# blackout dates



## yarrow (Mar 15, 2008)

if travel begins before a blackout period but you would transfer to another train, as a continuation of your trip, during a blackout would agr allow the reservation? thanks


----------



## the_traveler (Mar 15, 2008)

Yes - as long as you *begin your trip prior to the blackout period*, you can continue to connect to other trains (on that specific trip) during the blackout period.

Example - you are going from SEA to NYP 2 days before the blackout period, staying in NY for 3 days and then want to go NYP-LAX, but within the blackout period. You can travel all the way to NYP - even though you will be traveling within the blackout period - since you began this trip before the period began. But you could not start the NYP-LAX segment, because you would be starting within the blackout period.

You just *can not begin travel during the blackout period*.


----------



## sechs (Oct 1, 2008)

Reviving this thread to provide my recent experience.

Tried to book a reward which would require a change of train on a blacked-out day and was shot down. Talked to a supervisor who, after much laboring, read the terms and conditions and found no prohibition on this, as long as travel originated on a non-black-out day. She said that, irrelevant, the computer system would not let anyone book the trip and that "it had always been this way."


----------



## darien-l (Oct 2, 2008)

Had a similar experience two days ago. Was told "you have to be on your final train at midnight before the blackout date, otherwise the computer won't allow the booking."


----------



## the_traveler (Oct 2, 2008)

darien-l said:


> Had a similar experience two days ago. Was told "you have to be on your final train at midnight before the blackout date, otherwise the computer won't allow the booking."


That doesn't make sense! :unsure:

I'm just picking a day at random. Say Oct 27 is blacked out. You travel from NYP-EUG, starting from NYP on Oct 24. You travel NYP-CHI on 10/24, CHI-PDX on 10/25 and PDX-EUG on 10/27. Because you can not board your final train before 10/27, you can not travel? :huh: (Even though you began 3 days before the blackout?  )


----------



## darien-l (Oct 2, 2008)

the_traveler said:


> darien-l said:
> 
> 
> > Had a similar experience two days ago.
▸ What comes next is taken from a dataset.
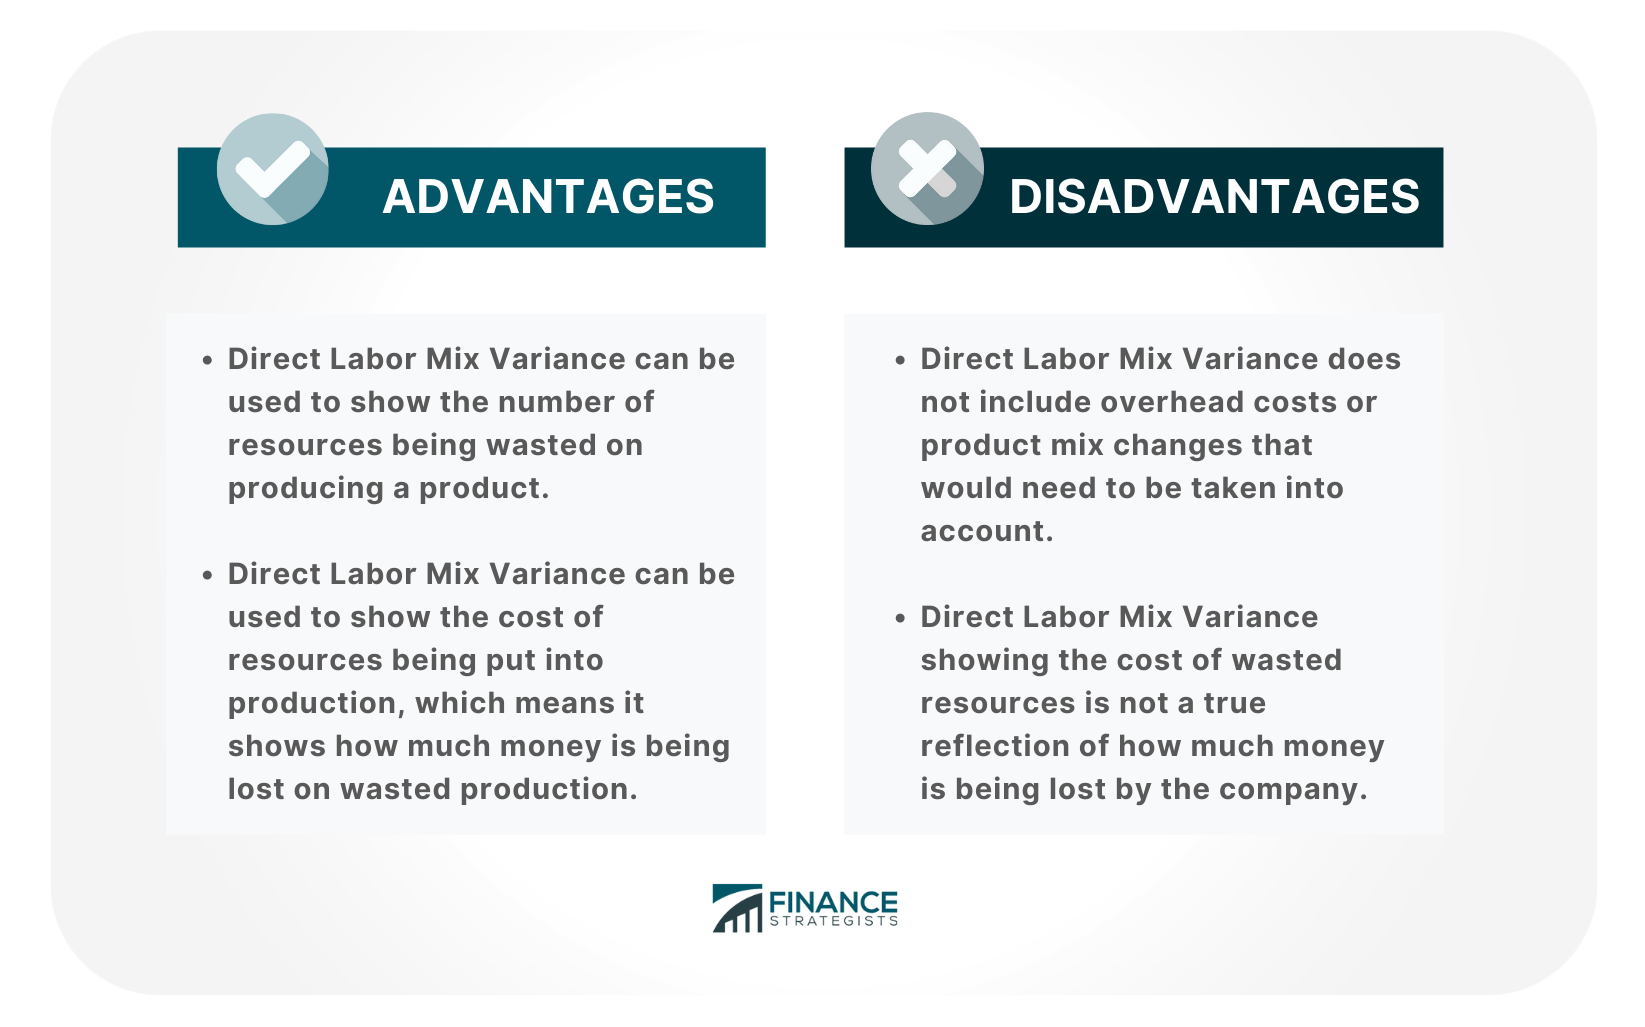 Advantages and Disadvantages of Direct Labor Mix Variance

Was told "you have to be on your final train at midnight before the blackout date, otherwise the computer won't allow the booking."
> ...


Well, you can travel, you would just have to pay for PDX-EUG out of pocket. This rule actually does make sense; without it, the whole blackout date system is wide open for abuse. Say I want to travel SAC-DEN on December 20, a blackout date. So I'd book some convoluted itinerary within one zone like this:

27 Empire Builder

Wolf Point, MT (WPT) 11:41 am 18-DEC-08

Portland, OR (PDX) 10:10 am 19-DEC-08

11 Coast Starlight

Portland, OR (PDX) 2:25 pm 19-DEC-08

Sacramento, CA (SAC) 6:15 am 20-DEC-08

6 California Zephyr

Sacramento, CA (SAC) 10:54 am 20-DEC-08

Denver, CO (DEN)

7:43 pm 21-DEC-08

and then simply throw away the tickets I don't need. I can certainly see why Amtrak wouldn't want that happening.


----------



## sechs (Oct 3, 2008)

It doesn't matter what their intention was. The terms and conditions do not disallow changing trains on a blacked-out date as long as travel originates on a non-blacked-out date. It's very clear.

I was given the generic AGR address to write a letter, which is largely equivalent to a black hole. Who should I write at Amtrak about this?


----------